Calculation also runs with different, coarser mesh (but its too coarse to obtain good solution, it gives too low aerodynamic resistance). So the problem is intermittent, it depends on the mesh.
Setup is a simple air-cooled heat exchanger with distributed aerodynamic resistance and heat source (simple user subroutine) in tube bondles areas. Air is driven by the fan model (4/9 fans depending on particular case), I only slightly patched cs_fan.c to set flat fan pressure difference profile with torque, I don't think it can affect turbulence model or gradient reconstruction. It was all right with this setup on k-epsilon in different variations (geometry, mesh, discretisation schemes).
Sorry, I can't share mesh here, it's a commercial case, but, if you will review RSM part of the code, please, take a look what can cause this error. Maybe something was not updated for RSM when "Full (All vertex adjacent)" option was introduced. There is a feature in this case: 3 of 4 fans are cut by the mesh symmetry boundaries (defined as walls) so there are only sectors of these fans in calculation volume but it's OK with k-epsilon.
I attached the case xml file.
Linux: CentOS 7.5
Saturne: 7.0.2, 7.0.4 (any version)
MPI: 1.8.4 (with Saturne 7.0.2), 1.10.7 (with Saturne 7.0.4)
 
			
					
				Re: RSM SSG model + Least Squares + All vertexes does not work
				Posted: Thu Oct 13, 2022 1:36 am
				by Yvan Fournier
				Hello,
Are you running this on a workstation, or a cluster ? If you are running on a workstation and connot share your mesh, there are at least 2 options to try to debug more in detail on your machine (I doubt we will find the bug by simply reviewing the code here, especially as the crash can appear in a delayed manner relative to the bug, which is probably what is happening here).
- If the mesh is small, you can run a debug build (configured with "--enable-debug") under the Valgrind tool.
- If the mesh is too large, you can run a debug + Adress Sanitizer build (configured with "--enable-debug CFLAGS=-fsanitize=address  CXXFLAGS=-fsanitize=address  LDFLAGS=-fsanitize=address  LDFLAGS=-fsanitize=address")
in both cases, you should detect the exact line causing the crash in this case.
If you need more info, I can help.

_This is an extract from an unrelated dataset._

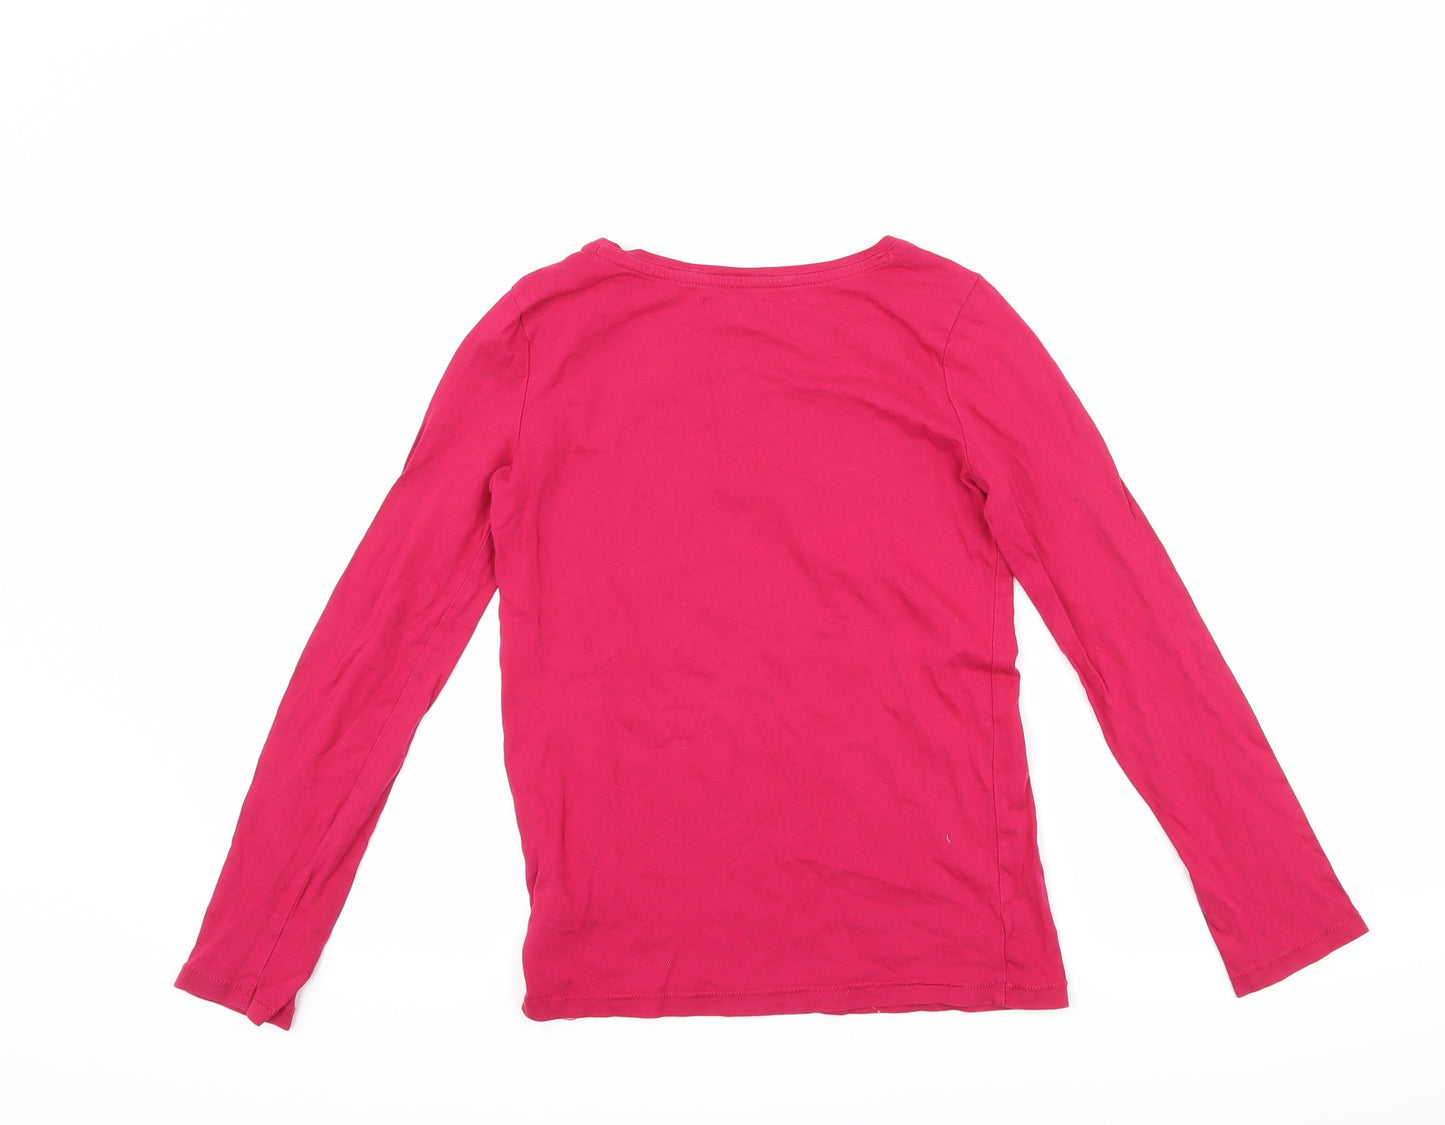 Gap Girls Pink   Basic T-Shirt Size 10-11 Years

You ca also check info on debugging here: 
https://www.code-saturne.org/documentat ... gging.html.
Please keep us updated.
Best regards,
  Yvan
 
			
					
				Re: RSM SSG model + Least Squares + All vertexes does not work
				Posted: Thu Oct 13, 2022 8:25 am
				by Antech
				Hello, thanks for your response. I have no time now for deep analysis of the problem, sorry. But it's OK to use an old gradient reconstruction option.
I have another question related to this topic. With both meshes (whole domain + "All adjacent" gradient option or partial geometry + "Non-orthogonal faces threshold" gradient option) the case diverges after some iterations. Target CFL in 1.0 (real is always < 1.5), fan flow rates are quite low, fan pressures are 3000 Pa in the beginning and lowering to 1800...2800 Pa, turbulence is RSM SSG.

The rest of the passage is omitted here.